─── Source material
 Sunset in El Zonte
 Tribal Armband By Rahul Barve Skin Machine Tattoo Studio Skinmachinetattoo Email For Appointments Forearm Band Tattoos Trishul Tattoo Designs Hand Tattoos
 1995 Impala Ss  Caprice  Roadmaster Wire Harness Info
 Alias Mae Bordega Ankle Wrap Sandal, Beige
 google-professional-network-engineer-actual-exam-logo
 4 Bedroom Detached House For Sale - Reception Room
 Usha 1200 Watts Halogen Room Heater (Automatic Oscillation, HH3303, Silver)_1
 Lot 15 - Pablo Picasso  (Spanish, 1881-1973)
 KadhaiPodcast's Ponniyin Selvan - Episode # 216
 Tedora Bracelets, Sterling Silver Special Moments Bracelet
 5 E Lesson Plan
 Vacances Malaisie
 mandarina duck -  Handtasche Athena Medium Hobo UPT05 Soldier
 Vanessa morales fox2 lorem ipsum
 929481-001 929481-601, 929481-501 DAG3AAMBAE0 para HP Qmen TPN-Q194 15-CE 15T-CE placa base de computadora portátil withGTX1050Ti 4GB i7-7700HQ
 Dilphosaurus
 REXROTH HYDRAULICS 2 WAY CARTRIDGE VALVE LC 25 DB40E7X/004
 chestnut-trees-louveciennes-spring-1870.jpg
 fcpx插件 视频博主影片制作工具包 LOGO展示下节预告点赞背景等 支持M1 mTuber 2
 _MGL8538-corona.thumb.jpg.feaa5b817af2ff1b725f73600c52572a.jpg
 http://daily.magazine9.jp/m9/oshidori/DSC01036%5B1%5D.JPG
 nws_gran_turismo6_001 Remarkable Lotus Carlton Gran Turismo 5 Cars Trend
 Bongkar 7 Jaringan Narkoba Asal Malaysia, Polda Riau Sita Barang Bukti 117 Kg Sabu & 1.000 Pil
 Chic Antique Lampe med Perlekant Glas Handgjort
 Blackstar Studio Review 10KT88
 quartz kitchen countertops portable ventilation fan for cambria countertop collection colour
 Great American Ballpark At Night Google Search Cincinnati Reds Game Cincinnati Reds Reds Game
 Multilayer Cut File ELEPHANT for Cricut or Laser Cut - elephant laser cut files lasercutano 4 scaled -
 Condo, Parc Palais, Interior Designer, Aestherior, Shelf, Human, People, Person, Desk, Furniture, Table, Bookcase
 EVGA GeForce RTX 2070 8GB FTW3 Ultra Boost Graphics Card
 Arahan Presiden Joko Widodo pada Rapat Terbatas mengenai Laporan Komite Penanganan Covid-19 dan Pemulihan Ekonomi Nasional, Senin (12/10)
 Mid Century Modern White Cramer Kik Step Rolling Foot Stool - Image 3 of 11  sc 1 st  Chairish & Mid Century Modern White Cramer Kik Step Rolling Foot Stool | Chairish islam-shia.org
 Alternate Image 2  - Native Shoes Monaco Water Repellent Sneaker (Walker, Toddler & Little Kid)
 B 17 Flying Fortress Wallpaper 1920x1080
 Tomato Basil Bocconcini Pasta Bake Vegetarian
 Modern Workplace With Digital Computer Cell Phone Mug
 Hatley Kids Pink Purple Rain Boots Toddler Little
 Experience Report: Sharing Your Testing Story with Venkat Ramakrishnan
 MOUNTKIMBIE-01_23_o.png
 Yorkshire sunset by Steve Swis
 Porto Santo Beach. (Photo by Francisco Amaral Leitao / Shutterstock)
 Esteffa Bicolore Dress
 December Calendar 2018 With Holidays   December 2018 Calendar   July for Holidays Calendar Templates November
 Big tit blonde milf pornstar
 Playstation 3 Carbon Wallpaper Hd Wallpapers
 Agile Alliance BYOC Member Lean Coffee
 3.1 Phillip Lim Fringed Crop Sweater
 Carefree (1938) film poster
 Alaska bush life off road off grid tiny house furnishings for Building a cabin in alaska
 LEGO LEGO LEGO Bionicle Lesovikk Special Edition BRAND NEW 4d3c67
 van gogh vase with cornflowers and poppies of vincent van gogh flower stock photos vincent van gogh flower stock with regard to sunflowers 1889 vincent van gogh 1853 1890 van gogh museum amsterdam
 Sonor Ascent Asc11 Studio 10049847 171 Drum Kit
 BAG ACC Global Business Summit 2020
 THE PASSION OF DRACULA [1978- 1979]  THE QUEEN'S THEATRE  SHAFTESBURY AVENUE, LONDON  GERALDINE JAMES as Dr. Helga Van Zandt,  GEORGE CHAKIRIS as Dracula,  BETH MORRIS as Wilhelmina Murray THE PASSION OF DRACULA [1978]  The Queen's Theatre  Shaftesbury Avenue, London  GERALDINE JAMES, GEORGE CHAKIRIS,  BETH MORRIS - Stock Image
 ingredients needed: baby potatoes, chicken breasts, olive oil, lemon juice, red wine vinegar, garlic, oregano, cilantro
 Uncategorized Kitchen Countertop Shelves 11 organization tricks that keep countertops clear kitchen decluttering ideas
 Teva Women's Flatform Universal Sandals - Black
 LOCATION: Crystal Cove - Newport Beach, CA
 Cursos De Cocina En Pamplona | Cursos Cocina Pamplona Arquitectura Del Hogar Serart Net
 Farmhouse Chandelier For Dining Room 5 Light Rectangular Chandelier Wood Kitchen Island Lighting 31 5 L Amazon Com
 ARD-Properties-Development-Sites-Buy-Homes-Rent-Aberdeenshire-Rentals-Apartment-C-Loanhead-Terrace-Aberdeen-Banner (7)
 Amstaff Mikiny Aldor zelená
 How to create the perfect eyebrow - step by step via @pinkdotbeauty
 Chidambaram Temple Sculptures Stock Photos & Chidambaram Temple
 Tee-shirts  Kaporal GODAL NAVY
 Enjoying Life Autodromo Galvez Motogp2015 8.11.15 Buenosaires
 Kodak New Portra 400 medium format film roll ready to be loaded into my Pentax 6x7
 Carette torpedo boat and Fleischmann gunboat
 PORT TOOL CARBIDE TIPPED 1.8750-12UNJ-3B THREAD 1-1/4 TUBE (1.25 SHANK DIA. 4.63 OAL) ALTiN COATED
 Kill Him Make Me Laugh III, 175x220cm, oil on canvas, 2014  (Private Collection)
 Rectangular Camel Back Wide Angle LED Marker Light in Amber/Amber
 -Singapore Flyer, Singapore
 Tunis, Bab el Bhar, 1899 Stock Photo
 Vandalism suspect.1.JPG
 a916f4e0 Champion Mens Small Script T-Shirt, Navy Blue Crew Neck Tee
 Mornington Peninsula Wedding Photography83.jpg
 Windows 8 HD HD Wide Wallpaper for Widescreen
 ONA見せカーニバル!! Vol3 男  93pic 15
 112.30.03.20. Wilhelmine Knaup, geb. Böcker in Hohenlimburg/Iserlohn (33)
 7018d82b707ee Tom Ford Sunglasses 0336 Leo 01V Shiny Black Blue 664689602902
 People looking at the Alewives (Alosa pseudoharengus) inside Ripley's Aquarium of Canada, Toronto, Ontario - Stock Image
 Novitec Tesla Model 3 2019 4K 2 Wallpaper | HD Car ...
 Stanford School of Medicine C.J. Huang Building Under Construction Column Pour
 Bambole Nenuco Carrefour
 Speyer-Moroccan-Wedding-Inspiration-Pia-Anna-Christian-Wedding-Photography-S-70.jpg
──────
Among the entries above, copy exactly only the lines starting with the one containing "Alternate Image 2" and going through the one containing "ingredients needed: baby", both ends included.

Response area ->
 Alternate Image 2  - Native Shoes Monaco Water Repellent Sneaker (Walker, Toddler & Little Kid)
 B 17 Flying Fortress Wallpaper 1920x1080
 Tomato Basil Bocconcini Pasta Bake Vegetarian
 Modern Workplace With Digital Computer Cell Phone Mug
 Hatley Kids Pink Purple Rain Boots Toddler Little
 Experience Report: Sharing Your Testing Story with Venkat Ramakrishnan
 MOUNTKIMBIE-01_23_o.png
 Yorkshire sunset by Steve Swis
 Porto Santo Beach. (Photo by Francisco Amaral Leitao / Shutterstock)
 Esteffa Bicolore Dress
 December Calendar 2018 With Holidays   December 2018 Calendar   July for Holidays Calendar Templates November
 Big tit blonde milf pornstar
 Playstation 3 Carbon Wallpaper Hd Wallpapers
 Agile Alliance BYOC Member Lean Coffee
 3.1 Phillip Lim Fringed Crop Sweater
 Carefree (1938) film poster
 Alaska bush life off road off grid tiny house furnishings for Building a cabin in alaska
 LEGO LEGO LEGO Bionicle Lesovikk Special Edition BRAND NEW 4d3c67
 van gogh vase with cornflowers and poppies of vincent van gogh flower stock photos vincent van gogh flower stock with regard to sunflowers 1889 vincent van gogh 1853 1890 van gogh museum amsterdam
 Sonor Ascent Asc11 Studio 10049847 171 Drum Kit
 BAG ACC Global Business Summit 2020
 THE PASSION OF DRACULA [1978- 1979]  THE QUEEN'S THEATRE  SHAFTESBURY AVENUE, LONDON  GERALDINE JAMES as Dr. Helga Van Zandt,  GEORGE CHAKIRIS as Dracula,  BETH MORRIS as Wilhelmina Murray THE PASSION OF DRACULA [1978]  The Queen's Theatre  Shaftesbury Avenue, London  GERALDINE JAMES, GEORGE CHAKIRIS,  BETH MORRIS - Stock Image
 ingredients needed: baby potatoes, chicken breasts, olive oil, lemon juice, red wine vinegar, garlic, oregano, cilantro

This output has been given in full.